Shamrock Farms
- Company type: Dairy
- Founded: 1922; 104 years ago
- Founder: W.T. McClelland; Winifred McClelland; Norman McClelland;
- Headquarters: 2228 N Black Cyn Hwy, Phoenix, AZ 85009
- Number of locations: 15
- Area served: United States
- Key people: Kent McClelland (CEO)
- Products: Milk; Protein shakes; Sour cream; Cottage cheese; Creams; Seasonal items like eggnog;
- Owner: McClelland Family
- Number of employees: ▲6,000 (2025);
- Website: www.shamrockfarms.net

= Shamrock Farms =

Dairy company in Arizona, United States

Shamrock Farms is a dairy company in Phoenix, Arizona, United States.

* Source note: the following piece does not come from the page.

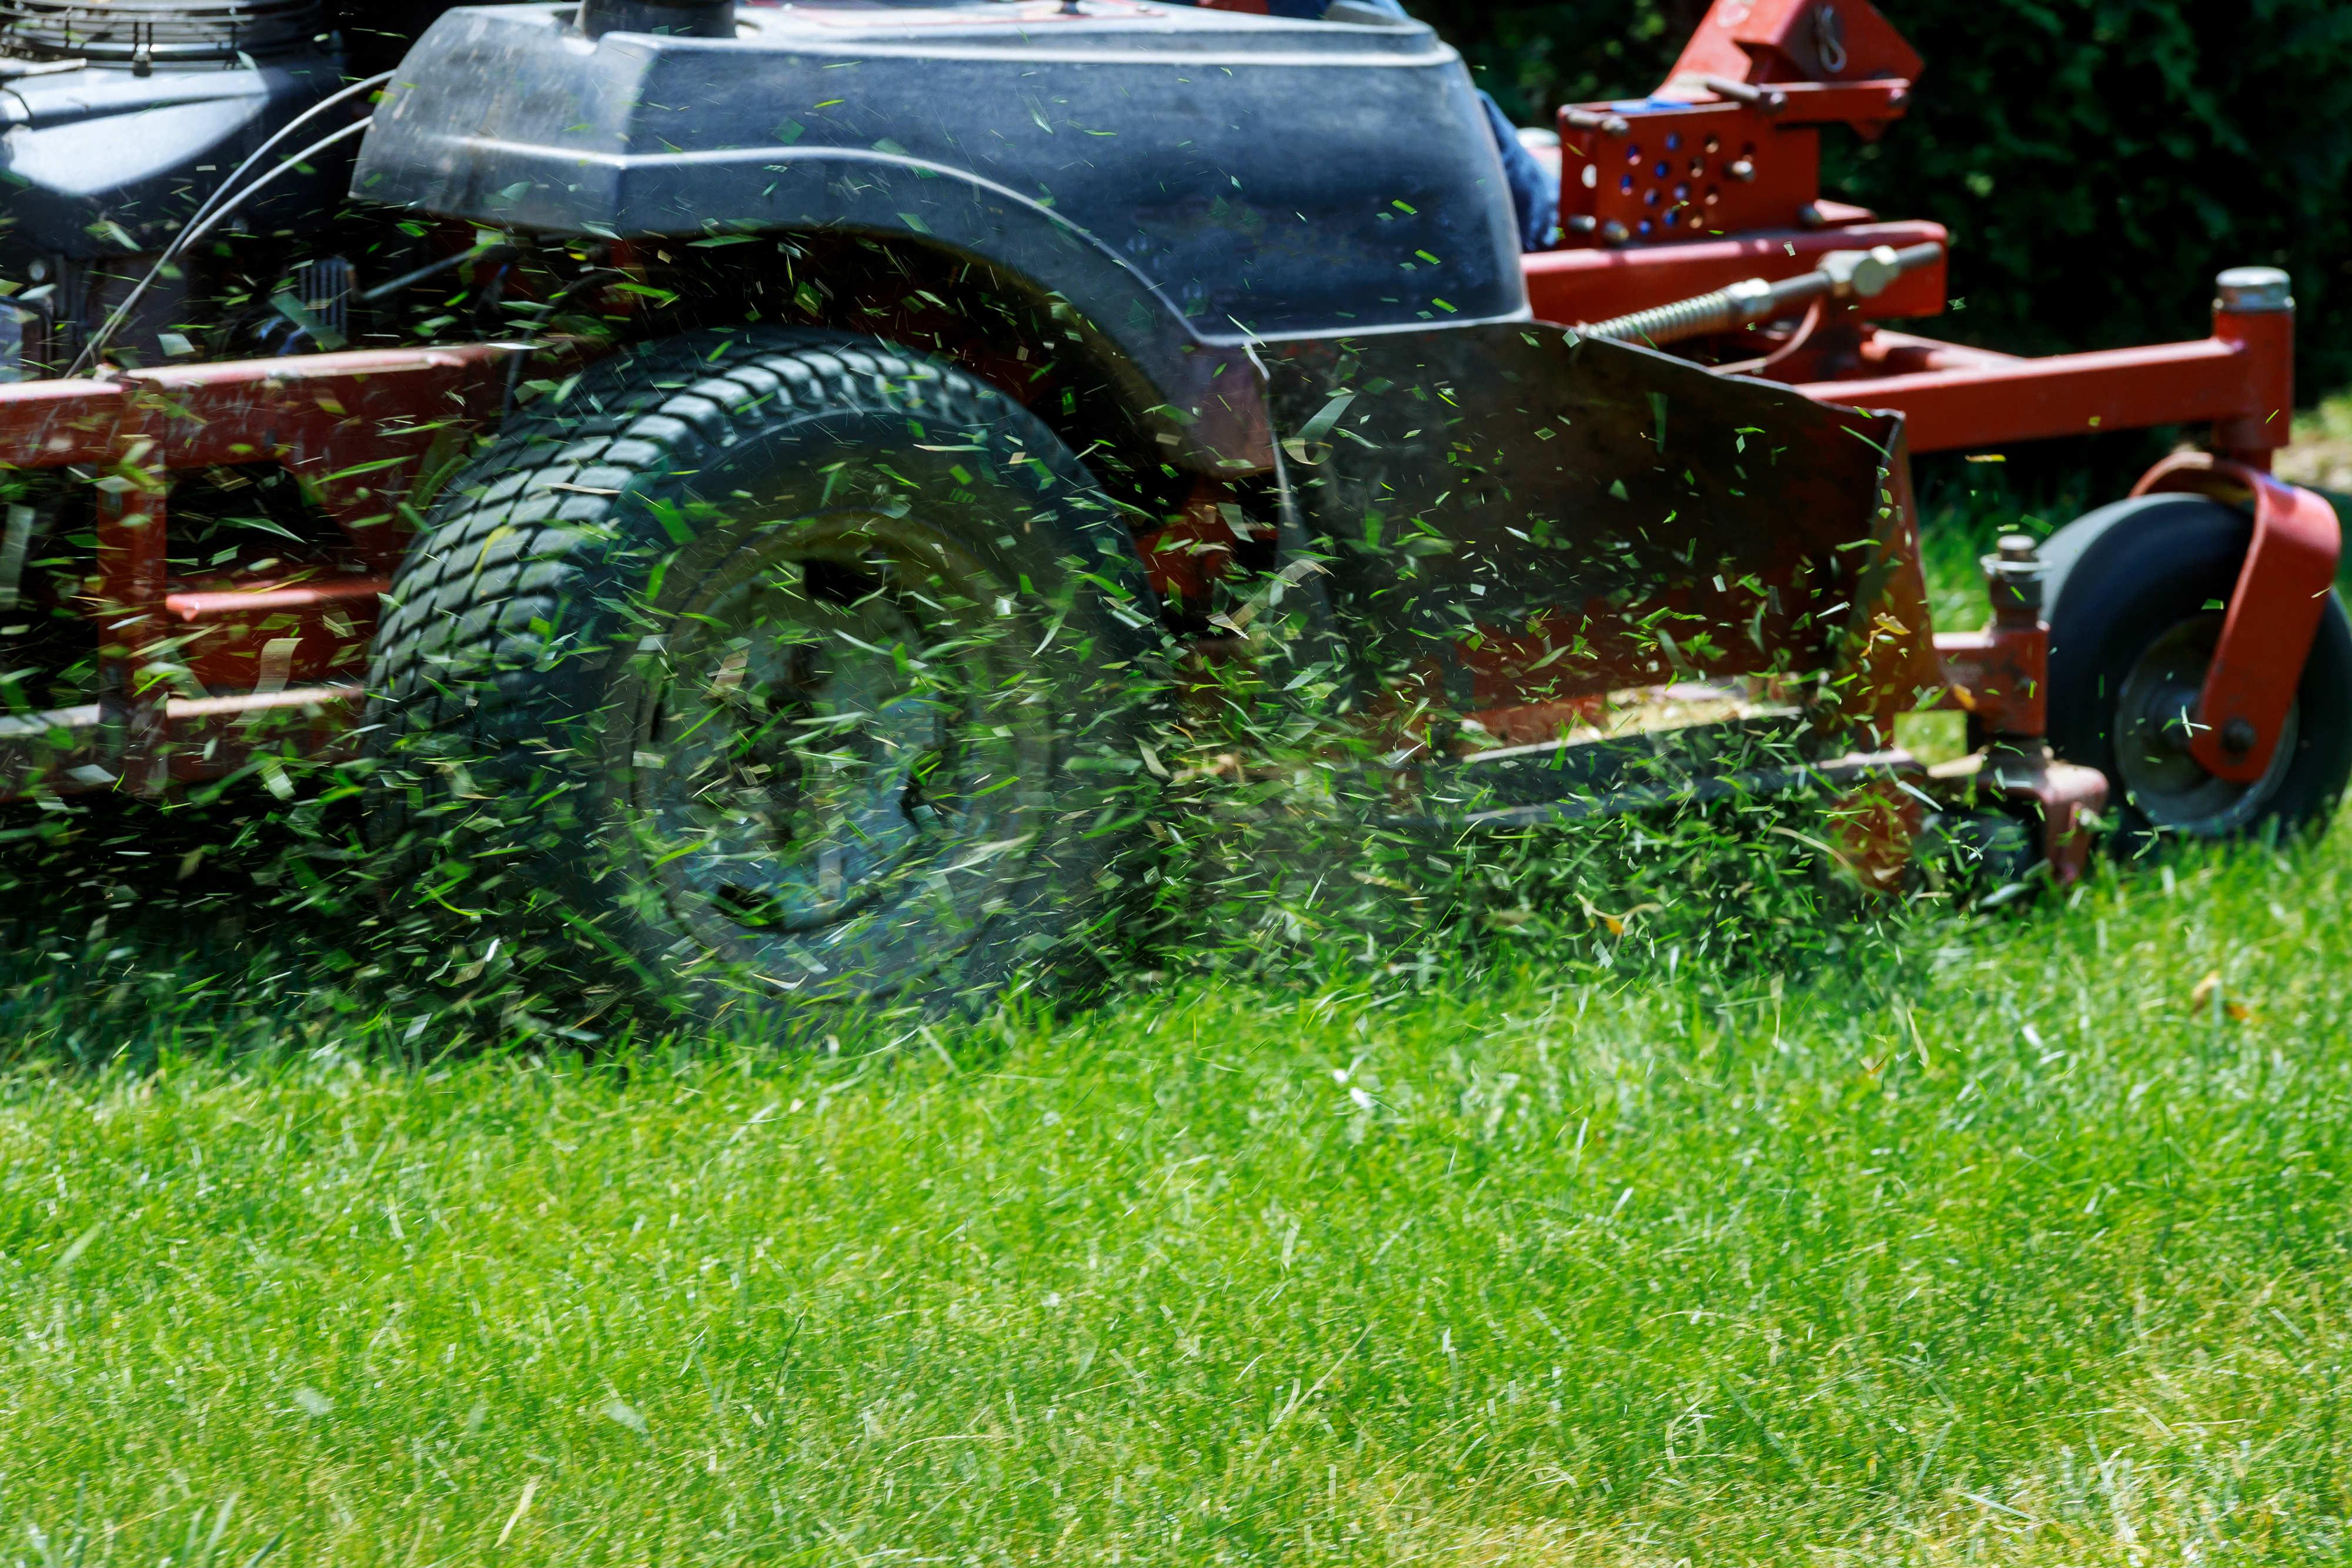 lawn Mower cutting lawn

Its mascot is a cow named "Roxie."

Founded in 1922, Shamrock Farms is owned by the McClelland Family and is the largest family-owned and operated dairy in the Southwest. It produces and distributes a full line of dairy products.

==History==
Shamrock Farms was founded in 1922 in Arizona by Irish immigrant W.T. McCleland (1892-1968). He and his wife would deliver milk on a Ford Model T truck. In 1933, Shamrock Farms started utilizing milking machines. In 1951, it acquired its first refrigerated truck. By 1967, it became the biggest dairy company in Arizona.
== Mmmmilk brand ==
Mmmmilk is a well known milk brand distributed by Shamrock Farms in the Southwestern United States. The milk brand is produced in Arizona. Shamrock Farms sponsors the Arizona Diamondbacks, and some of their bottles have featured Diamondback players such as Mark Grace and Luis Gonzalez. Shamrock Foods also provides commercial foodservice.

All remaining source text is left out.